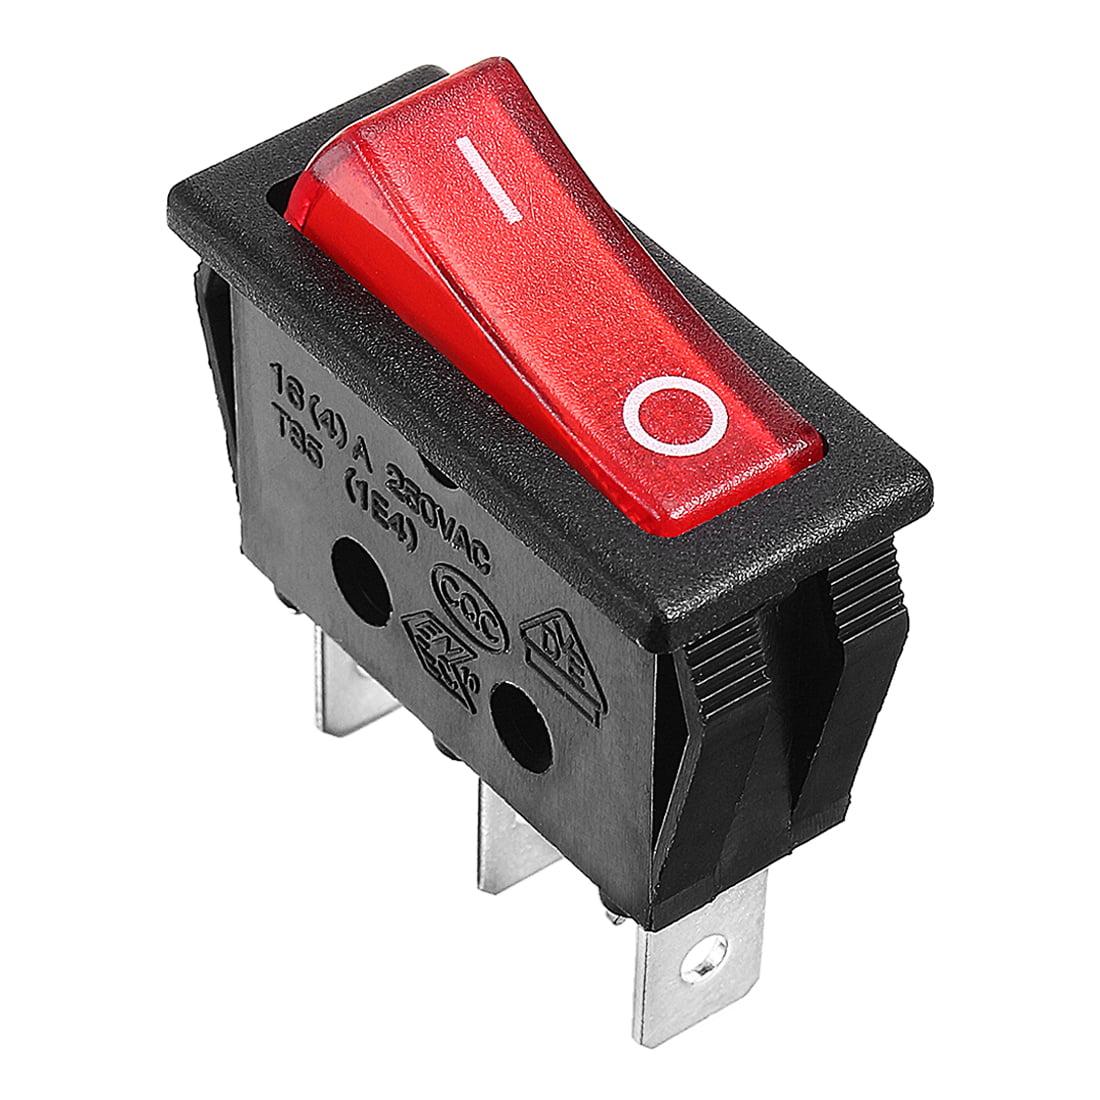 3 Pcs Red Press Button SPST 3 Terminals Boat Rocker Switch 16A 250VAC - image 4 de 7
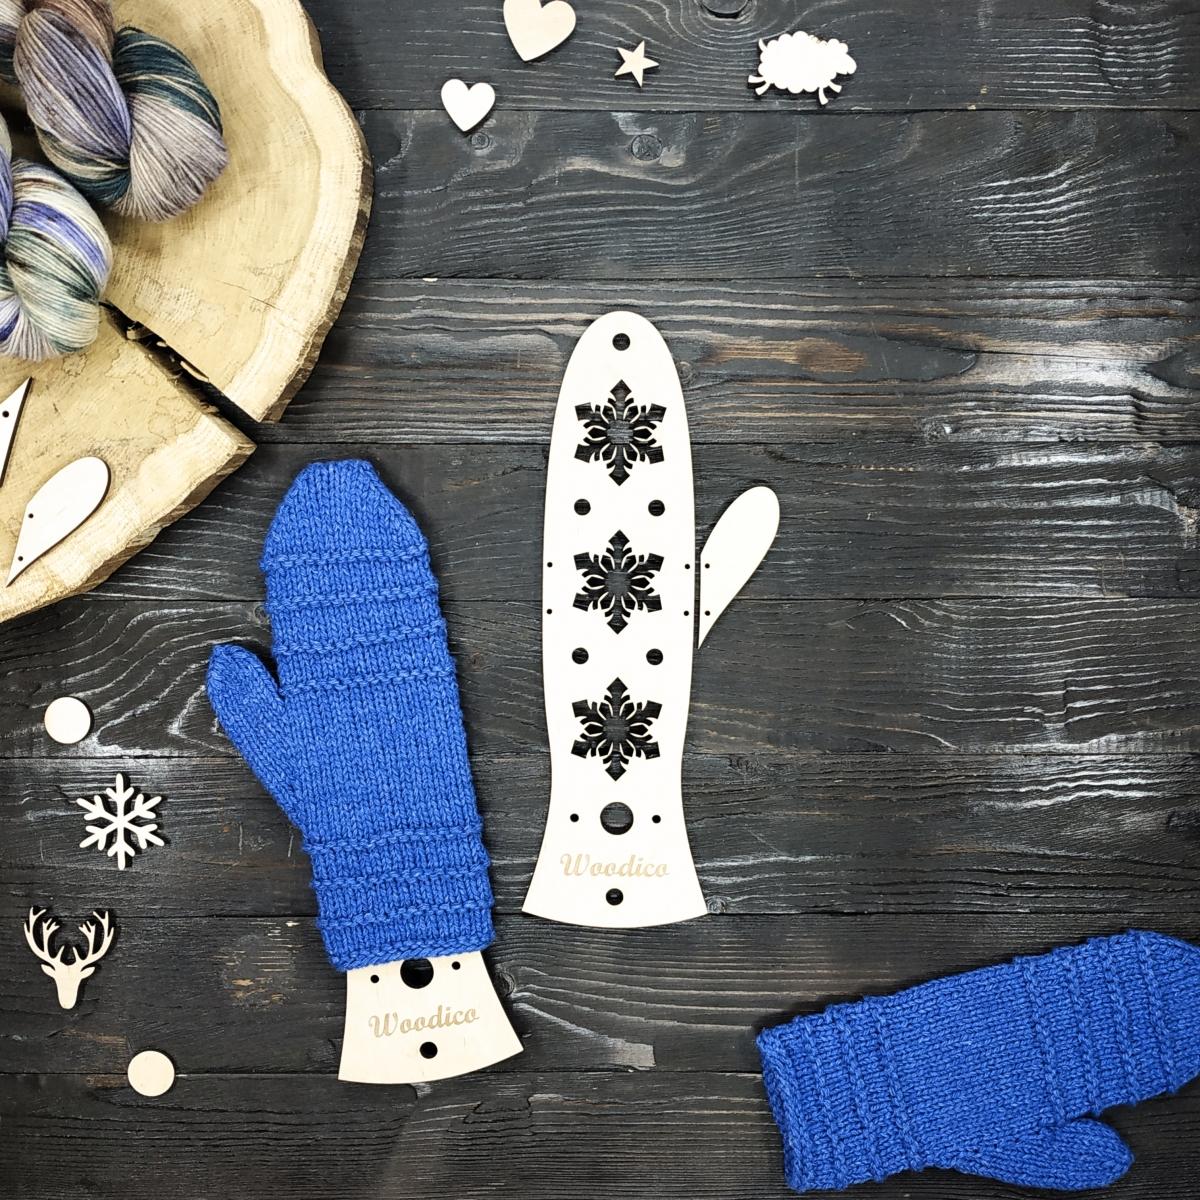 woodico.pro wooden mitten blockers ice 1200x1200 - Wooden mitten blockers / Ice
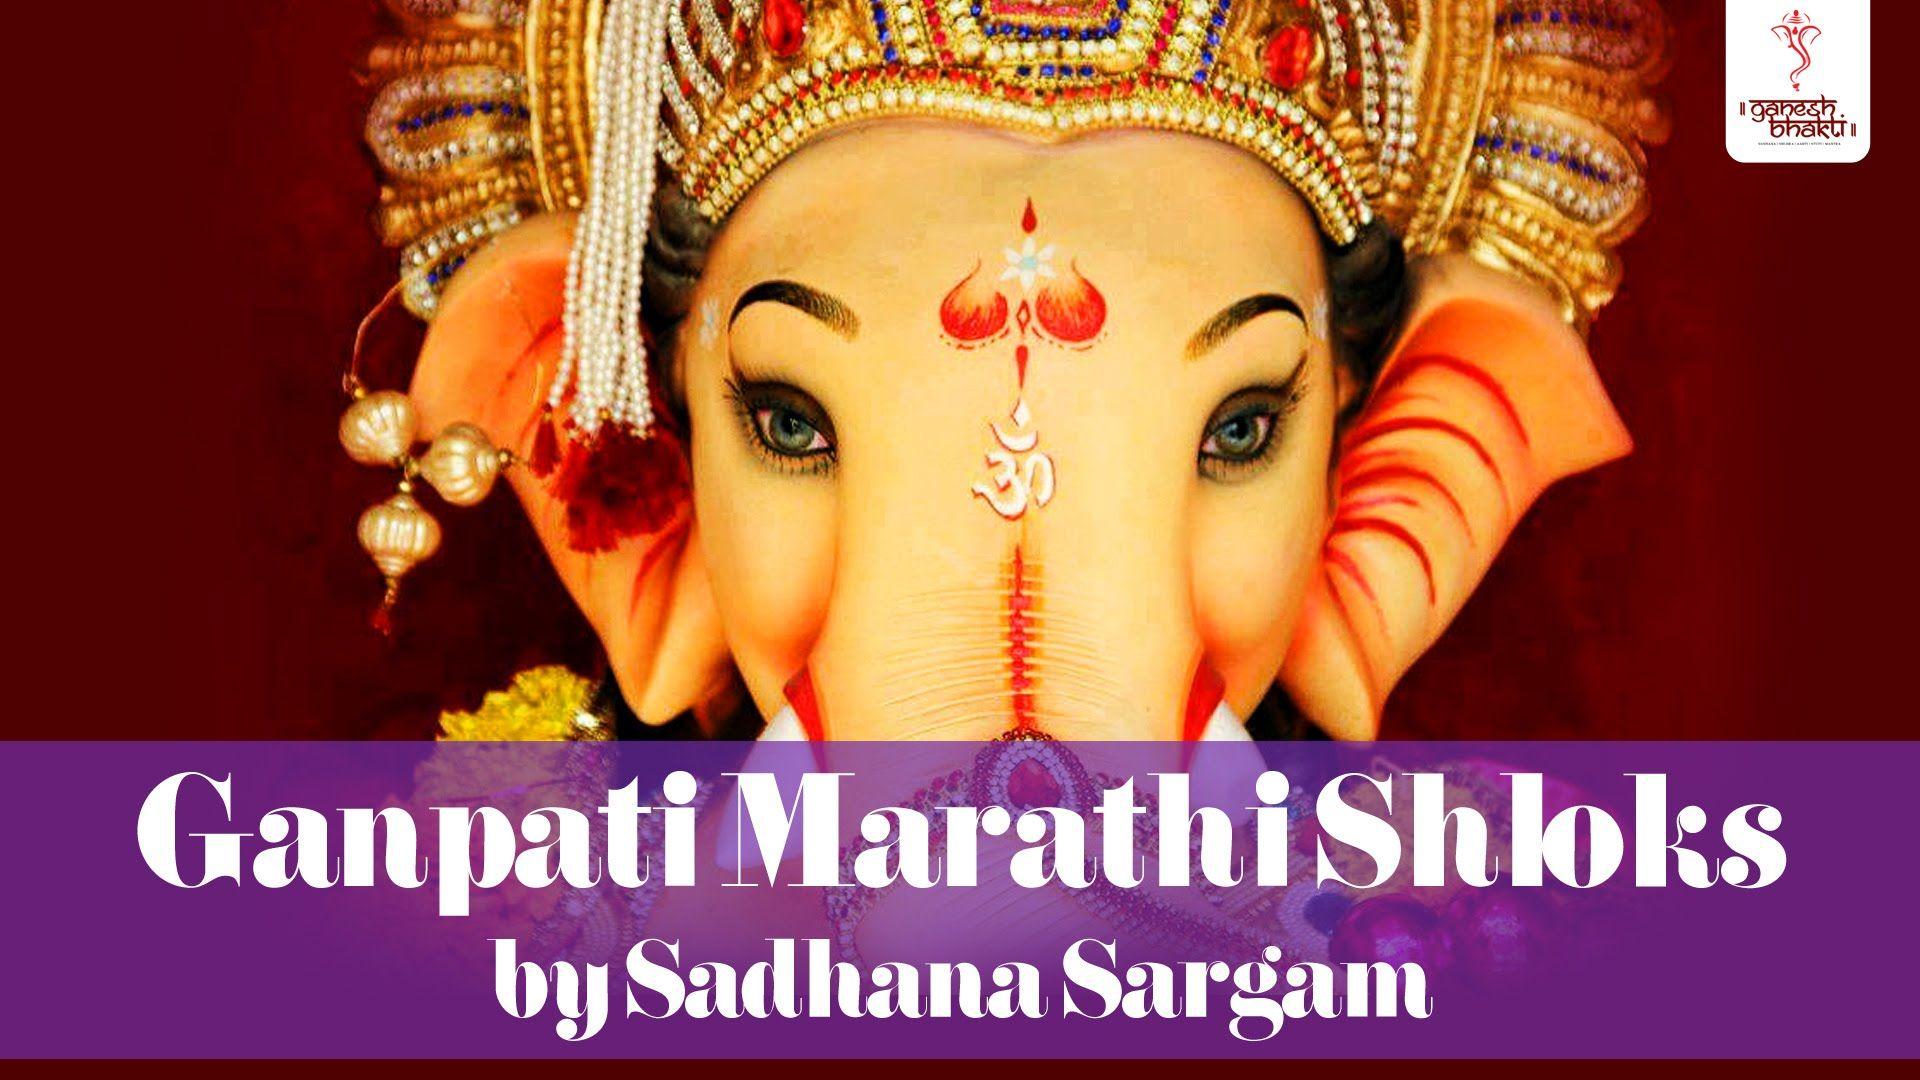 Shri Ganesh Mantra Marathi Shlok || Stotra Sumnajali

WORK TO COMPLETE =>
Everything in the material above should be reproduced exactly, except the pictures.

RESPONSE AREA =>
 3 Pcs Red Press Button SPST 3 Terminals Boat Rocker Switch 16A 250VAC - image 4 de 7
 woodico.pro wooden mitten blockers ice 1200x1200 - Wooden mitten blockers / Ice
 Shri Ganesh Mantra Marathi Shlok || Stotra Sumnajali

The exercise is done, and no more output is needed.